- Required action: Repeat the listing word for word. Leave every picture out.

Given data: Begin

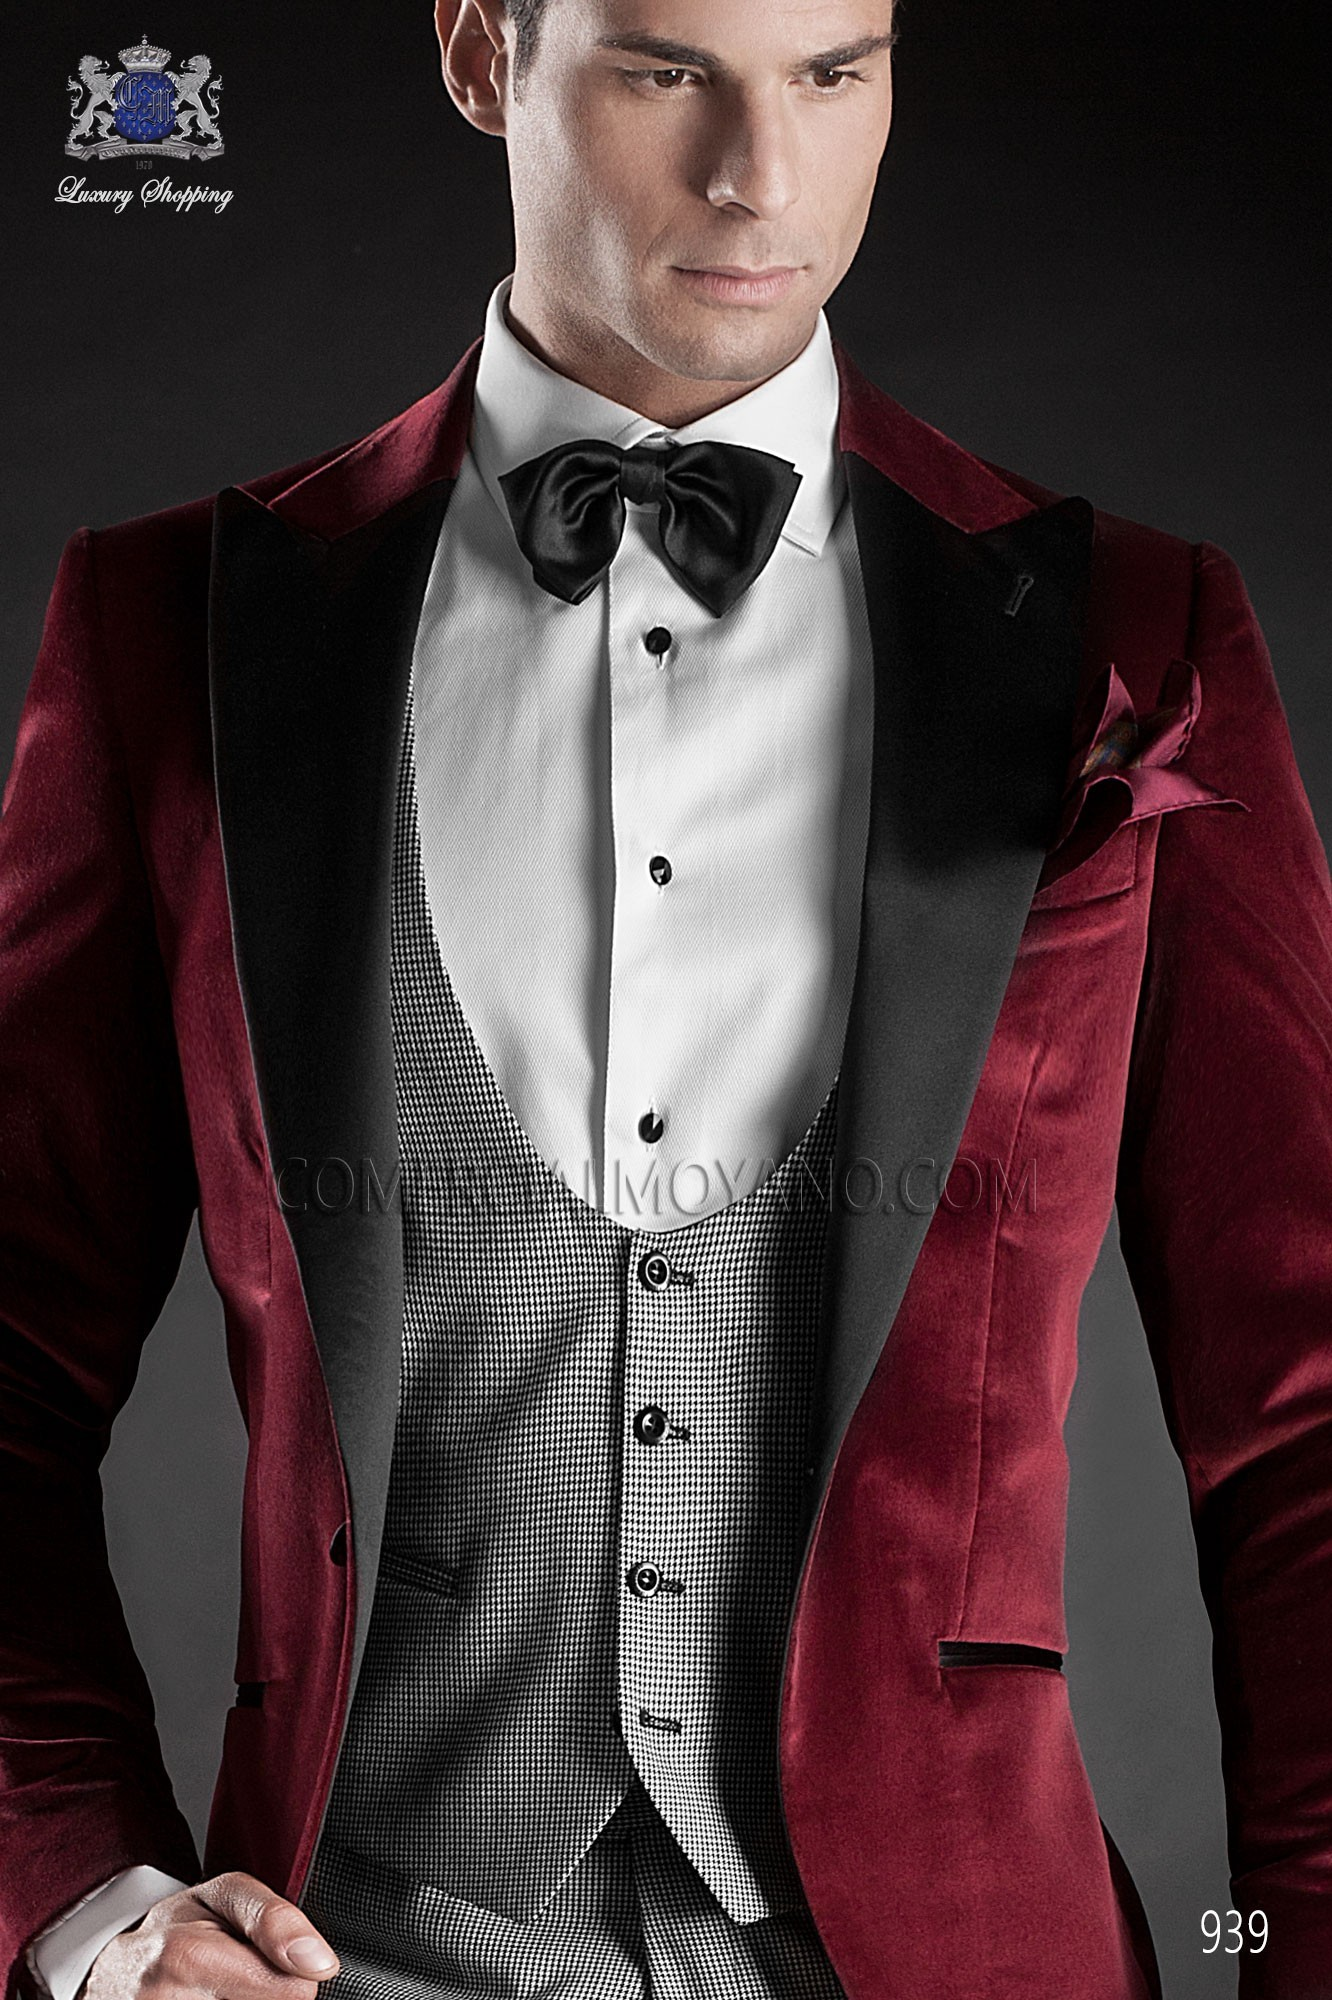 Italian blacktie red men wedding suit, model: 939 Ottavio Nuccio Gala Black Tie Collection
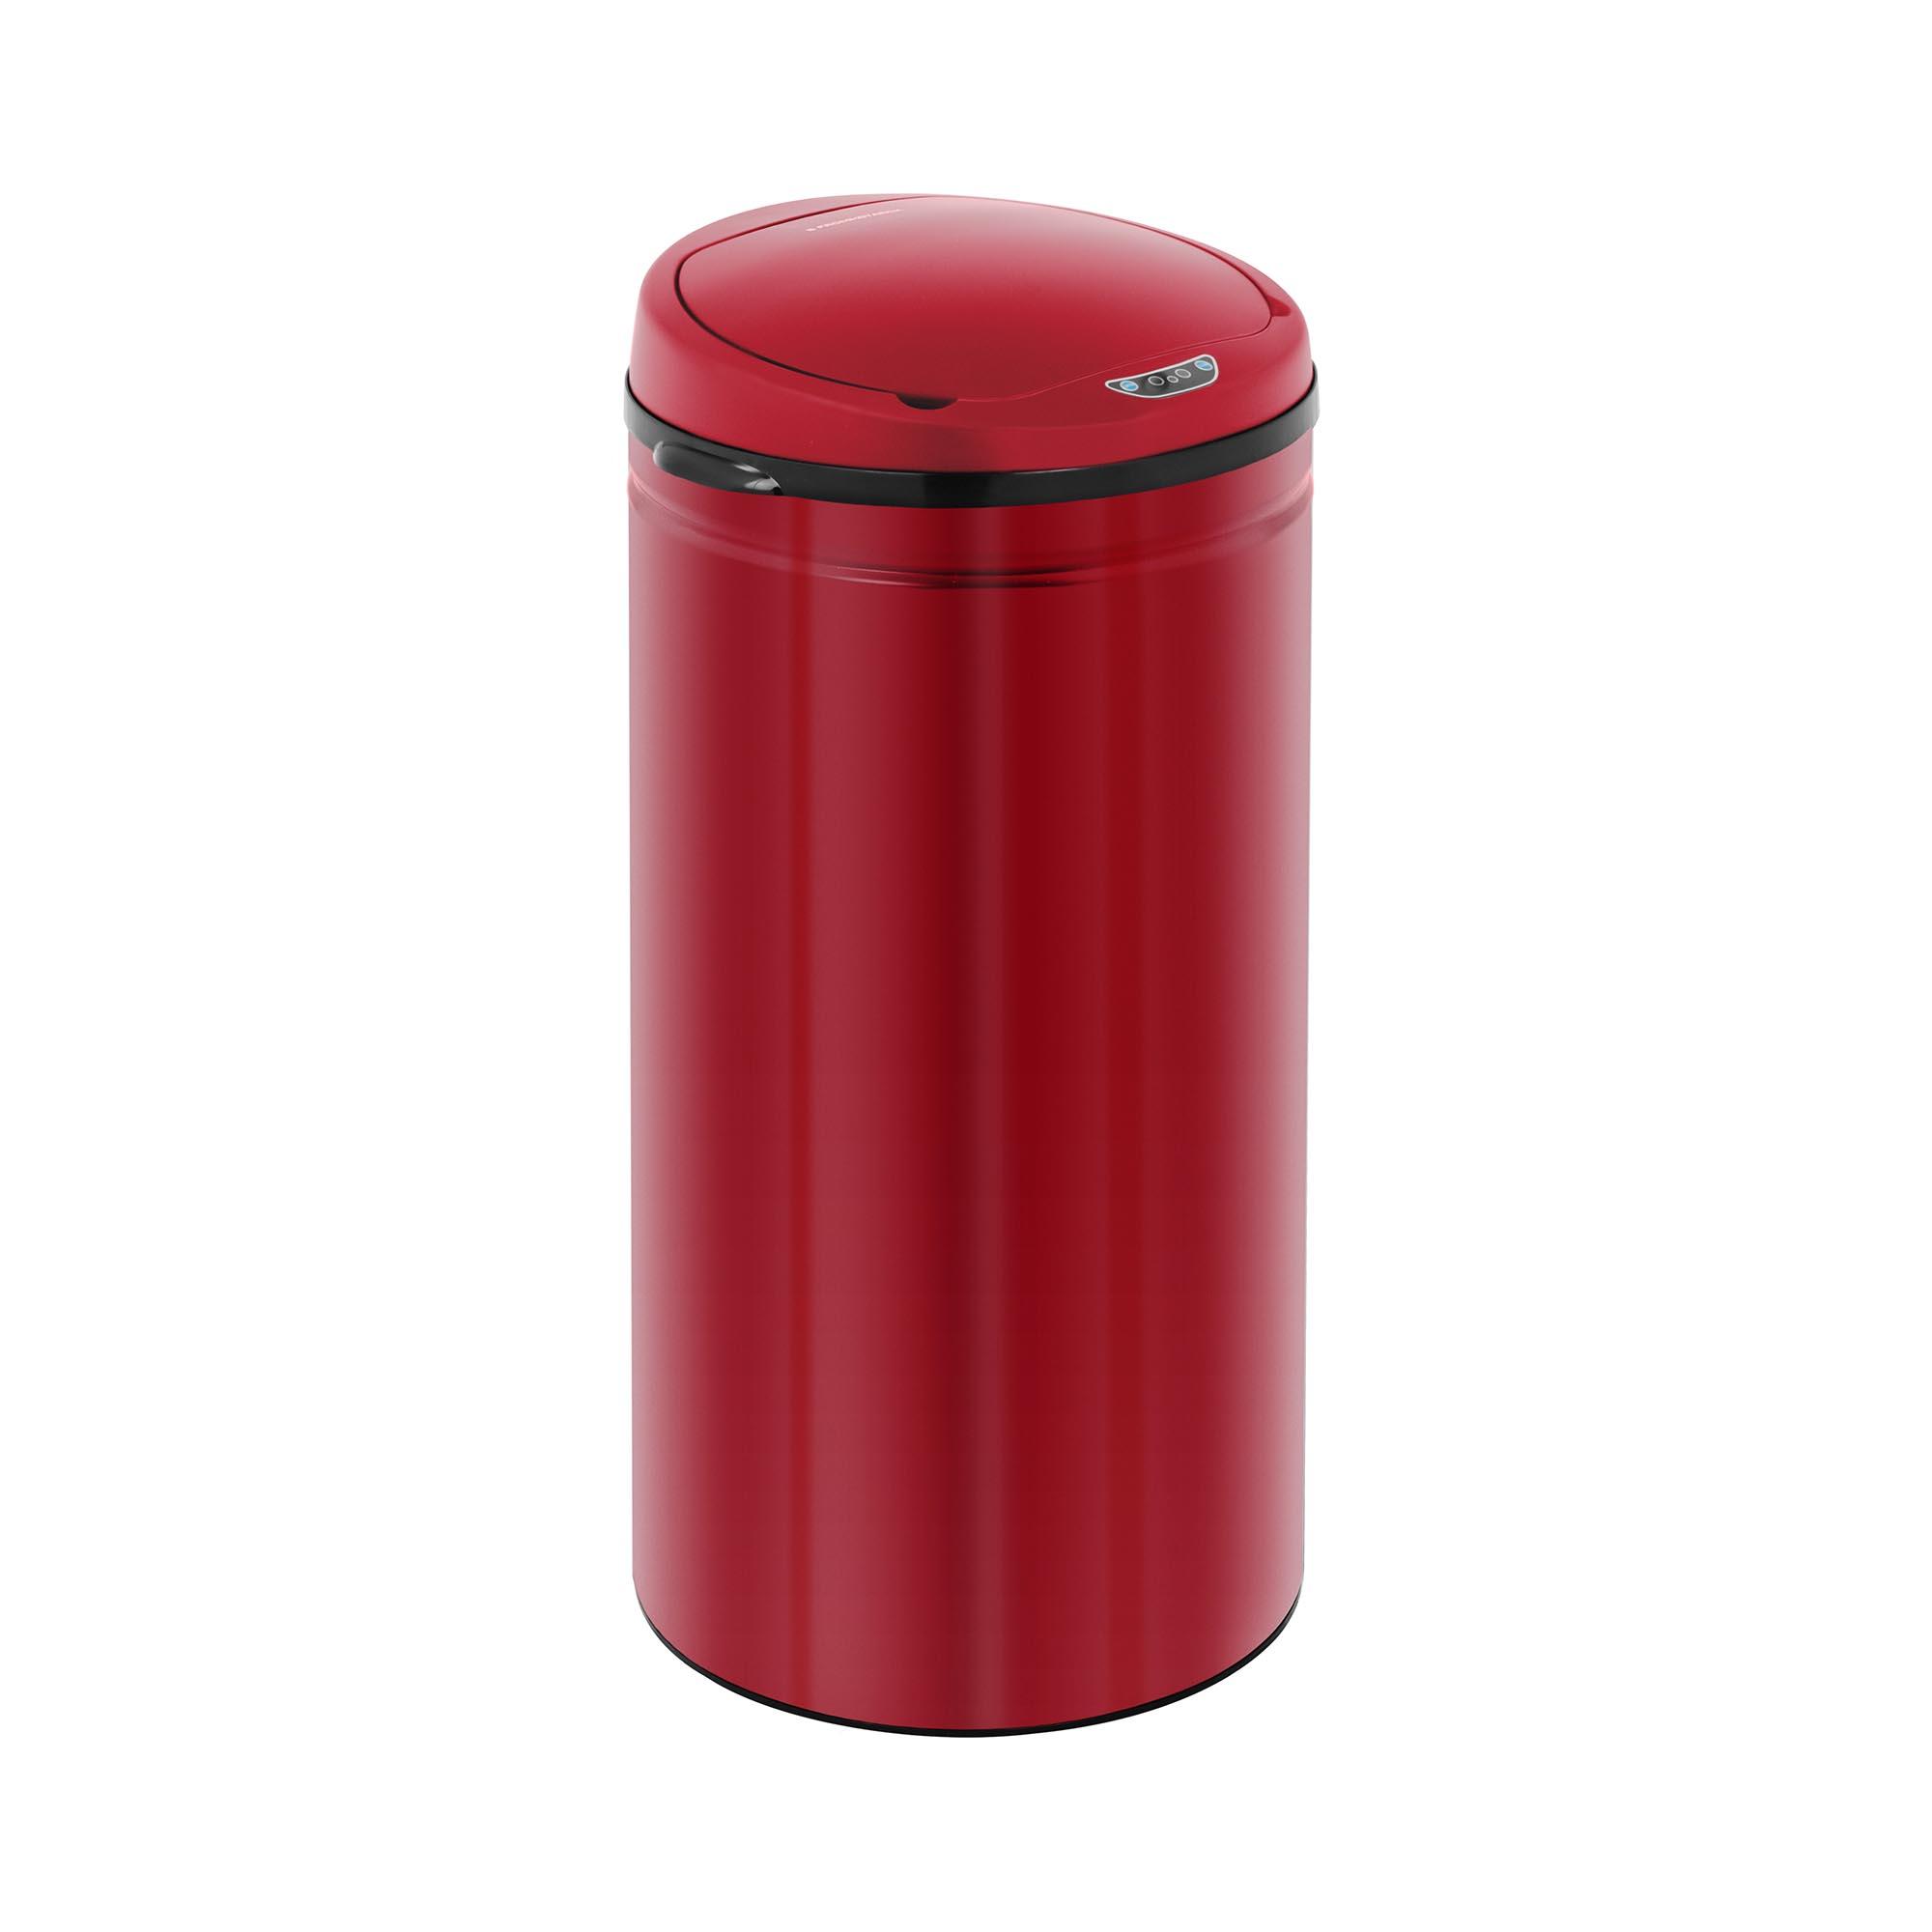 Fromm & Starck Avfallsbeholder med sensor - 42 L - ekstra beholder - karbonstål 10260191
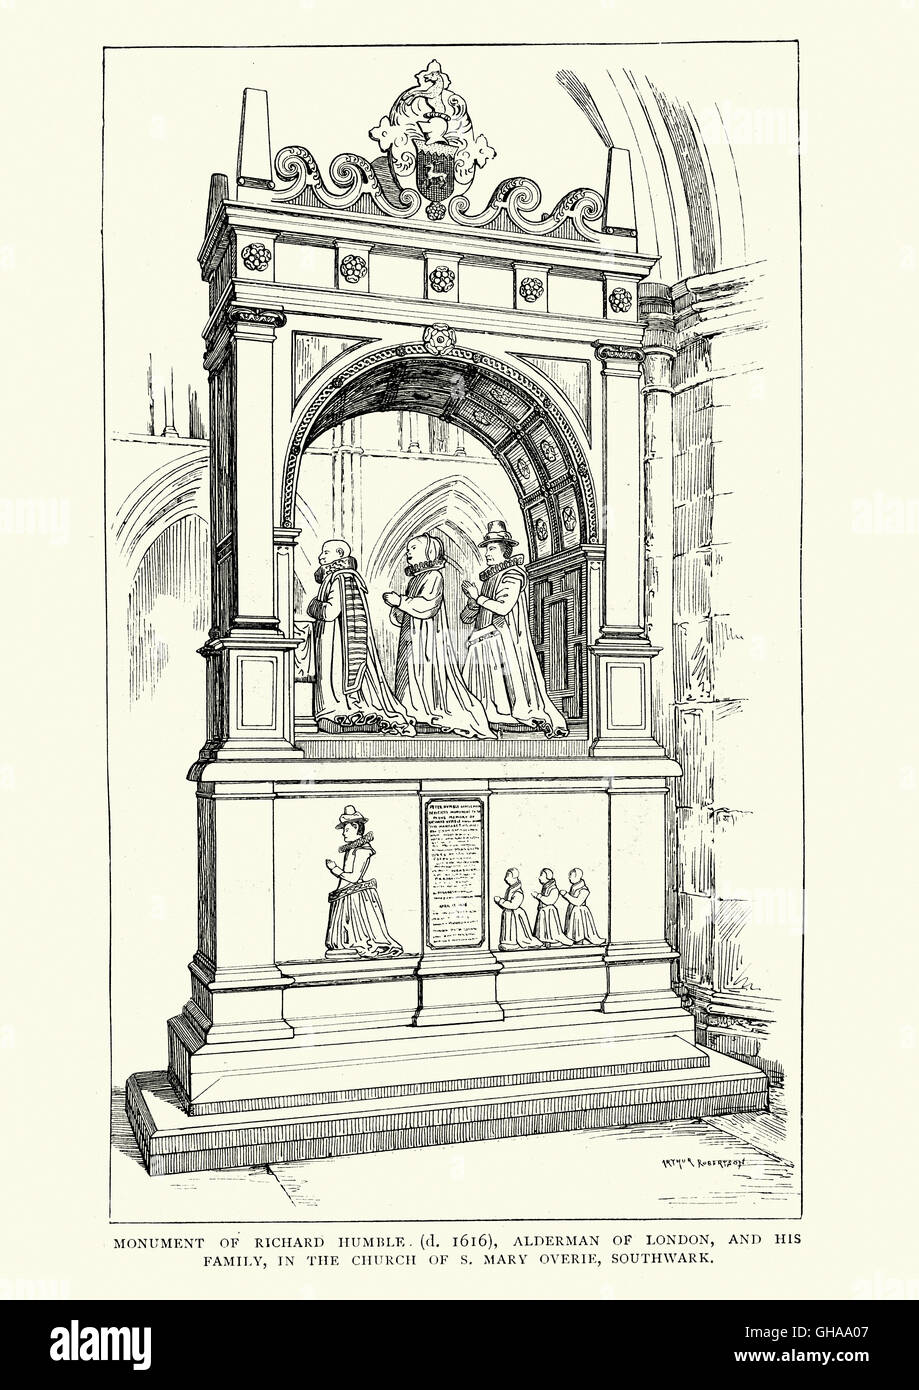 Un monumento di Richard umile (d. 1616), assessore di Londra e la sua famiglia, la chiesa di St Mary Overie, Southwark Immagini Stock
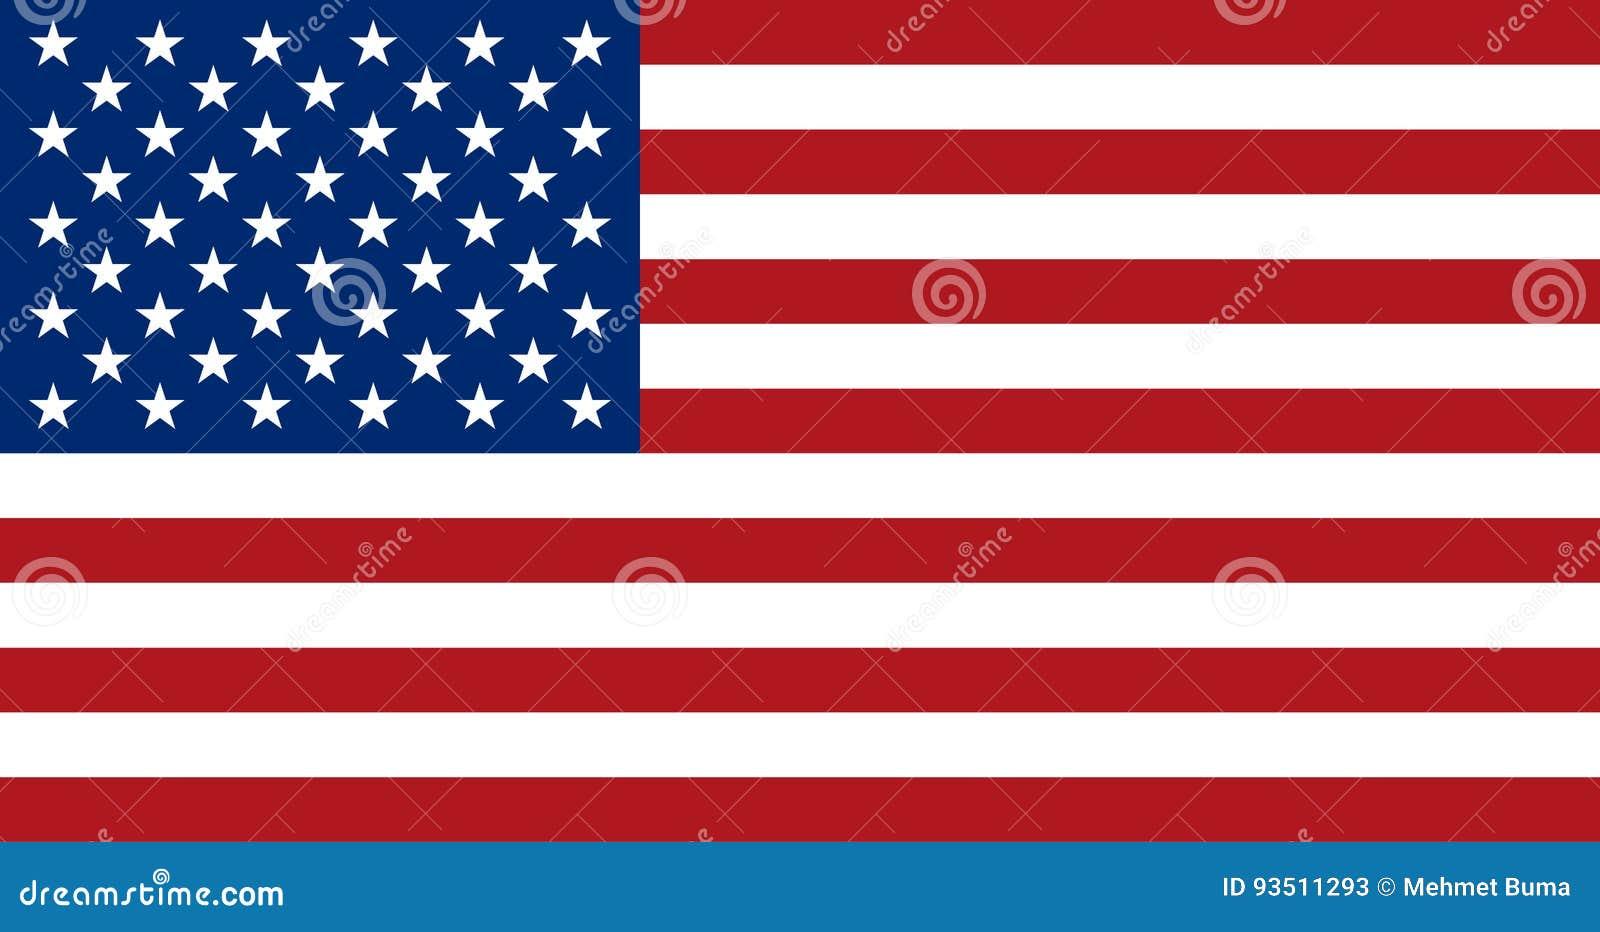 Flaga amerykańska, płaski układ, wektorowa ilustracja

Given data: End

- Solution:
 Italian blacktie red men wedding suit, model: 939 Ottavio Nuccio Gala Black Tie Collection
 Fromm & Starck Avfallsbeholder med sensor - 42 L - ekstra beholder - karbonstål 10260191
 Un monumento di Richard umile (d. 1616), assessore di Londra e la sua famiglia, la chiesa di St Mary Overie, Southwark Immagini Stock
 Flaga amerykańska, płaski układ, wektorowa ilustracja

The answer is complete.